Now she has told Write Out Loud what happened to her in the last few years. Her story resumes in early 2020, “the first day of lockdown”.

She said: “I collapsed outside Asda, totally unbearable screaming pain. I thought I’d been struck by lightning, I went to A&E, it was the first day of lockdown, so it was hard to get doctors. Got morphine, which is like tripping, so I went home, and life was chaos, kept falling backwards off the bed with exhaustion, bruised, so then getting doctors was harder. I didn’t have Covid.  I’ve got APS and systemic sclerosis …  but I’d never felt pain like this before, it was like seeing a new colour.

“I changed my own dressings, trying every type of pain relief. So this goes on for weeks, then it’s five months and I was living this crazy tiny life, hallucinating smells, wore the same T-shirt forever, then it was two and a half years. I absolutely lost communication, lost my mind, stuttered and twitched and failed to get heard by doctors. Then they amputated both legs.

“I briefly found my mind in hospital, started typing on Facebook, got loads of amazing letters and people just giving of themselves, felt really loved. Then I went home and had to face it and fell backwards off the bed and just let myself fall, the physical pain was muffled, but I’d figured out how it was my fault. Went much further away in my head. I couldn’t figure out how to climb out of the hole. Would throw 160% of my energy at the day and get a like, 3% yield.

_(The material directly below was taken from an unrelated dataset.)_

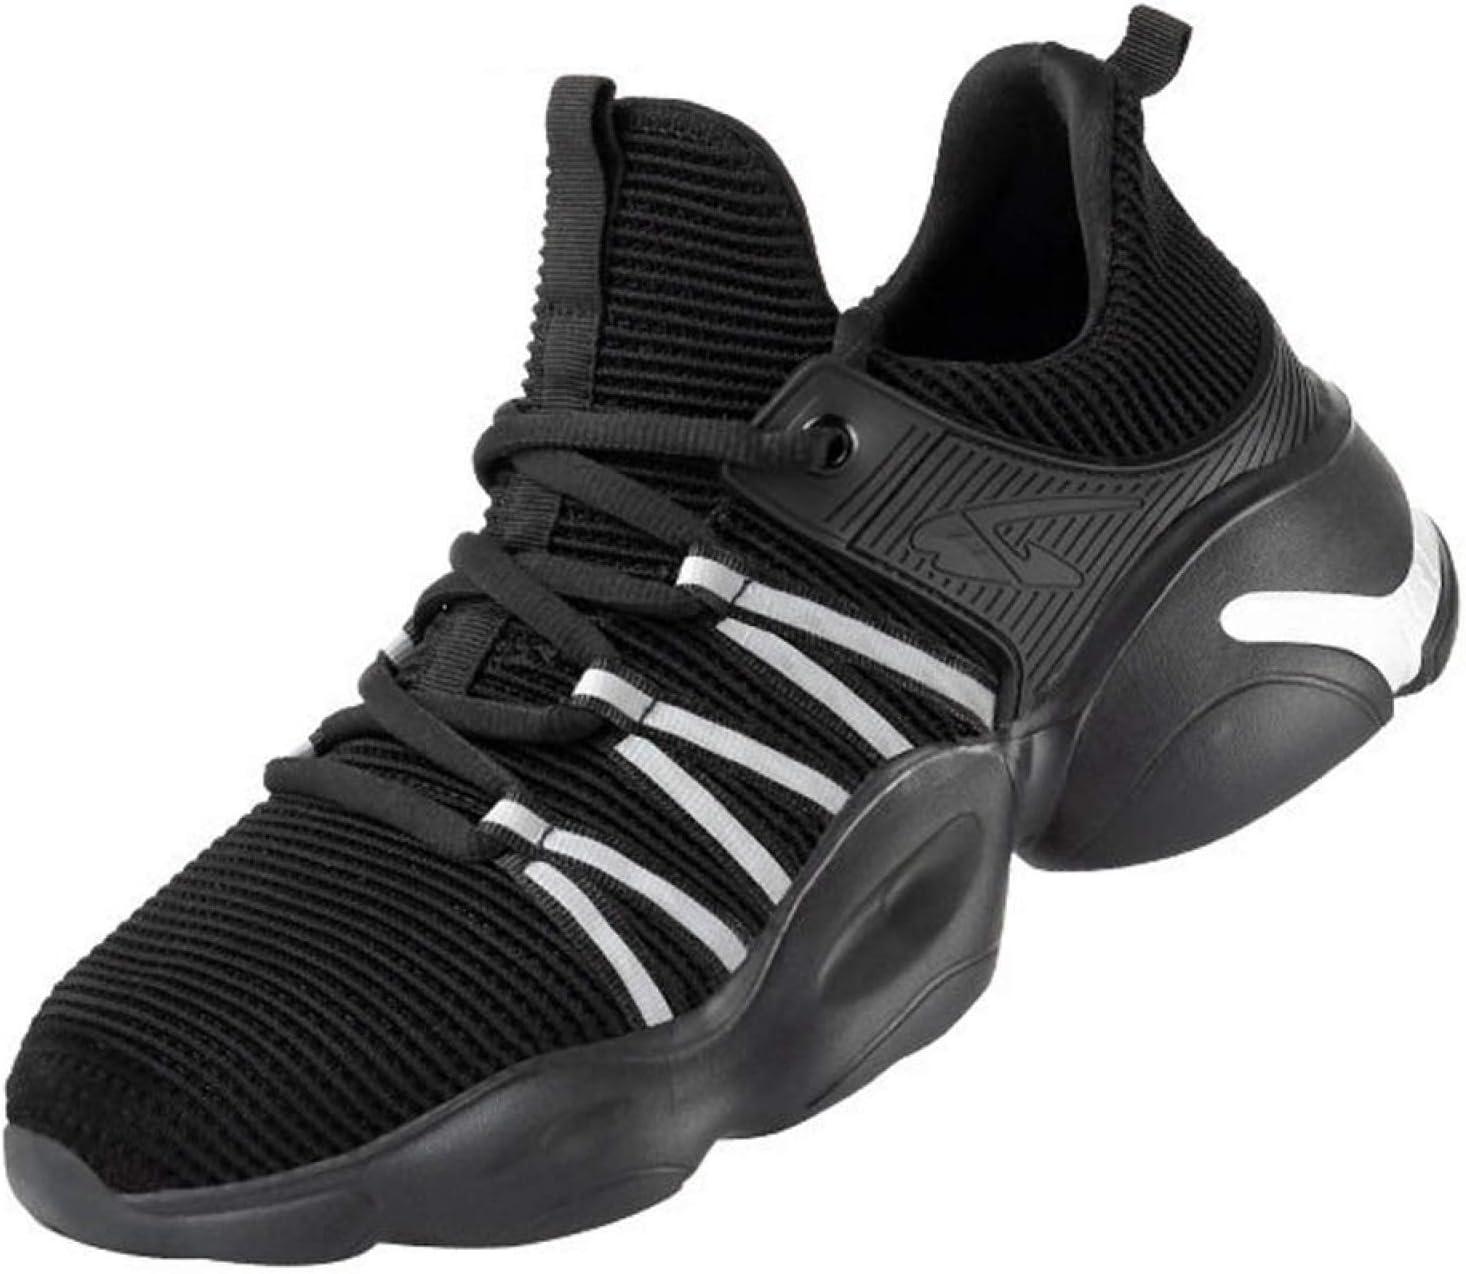 Amazon.com: AGYE Lightweight Safety Shoes Men,Women Work Trainers ...

embedded image from entry 131704 “But I started talking to people, that’s when things started falling into place, I was now my own side, I’d celebrate every teeny tiny win, give myself the validation I was yearning to get from people, live in a place far deep in my head. I thought that was the best I could get.

“Then I did what I used to do and just say Yes and force myself into coping with the scary thing, and so I found myself in the dressing room, with Roger McGough bodding about behind me, wondering if people will get what I’m saying, or be totally distracted by wheelchairs and disease popping its head up in poems, and then the first laugh, my God, it was like the acceptance and connection I was drip-feeding myself with a teaspoon, like a big ocean of that, I wanted to hug everyone.

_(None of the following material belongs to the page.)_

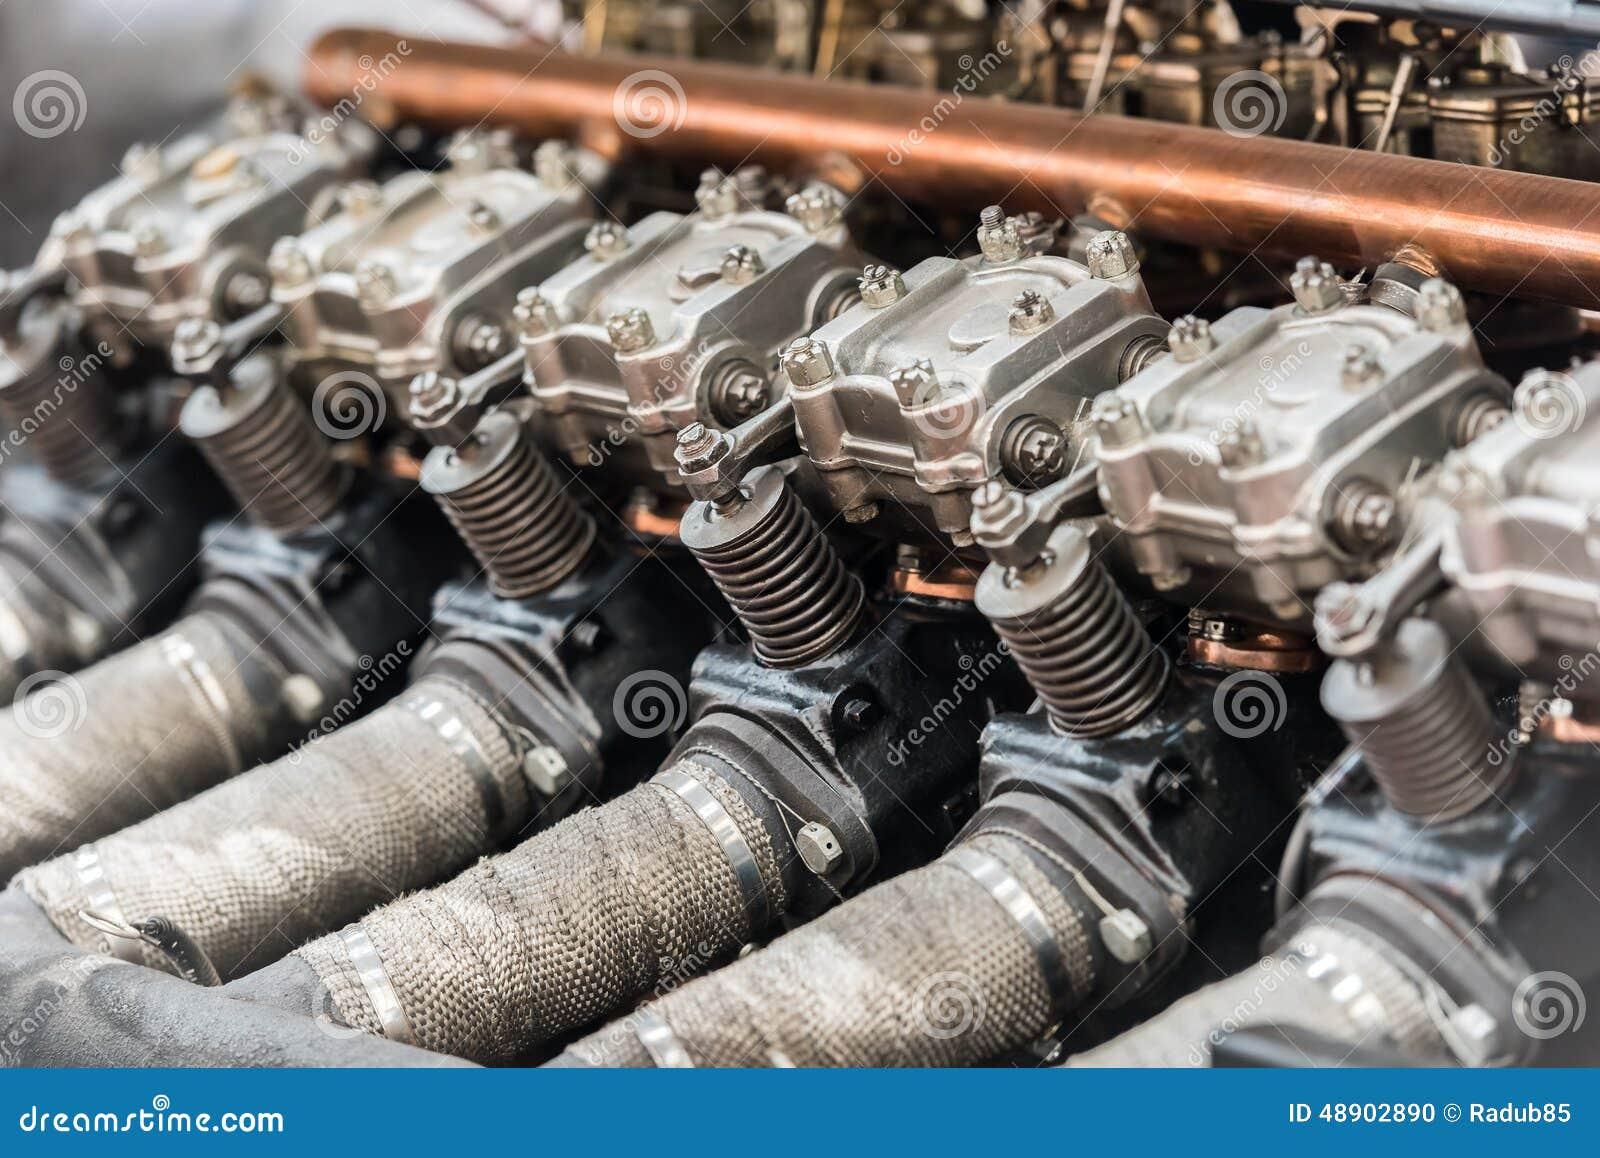 piston in car engine - photo #31

“Going from not getting through a sentence with saying desperate things to doctors, to this ease of expression, this connecting to shedloads of people at once. I felt like I suddenly had an outline. They heard me, and not cos they heard My Story or My Pain, it was that they’d heard a little joke about Take a Break or a closely observed sherbet lemon or a person holding a cat up so that it can see a parade - just human things that we all know, but we can forget for a long time.”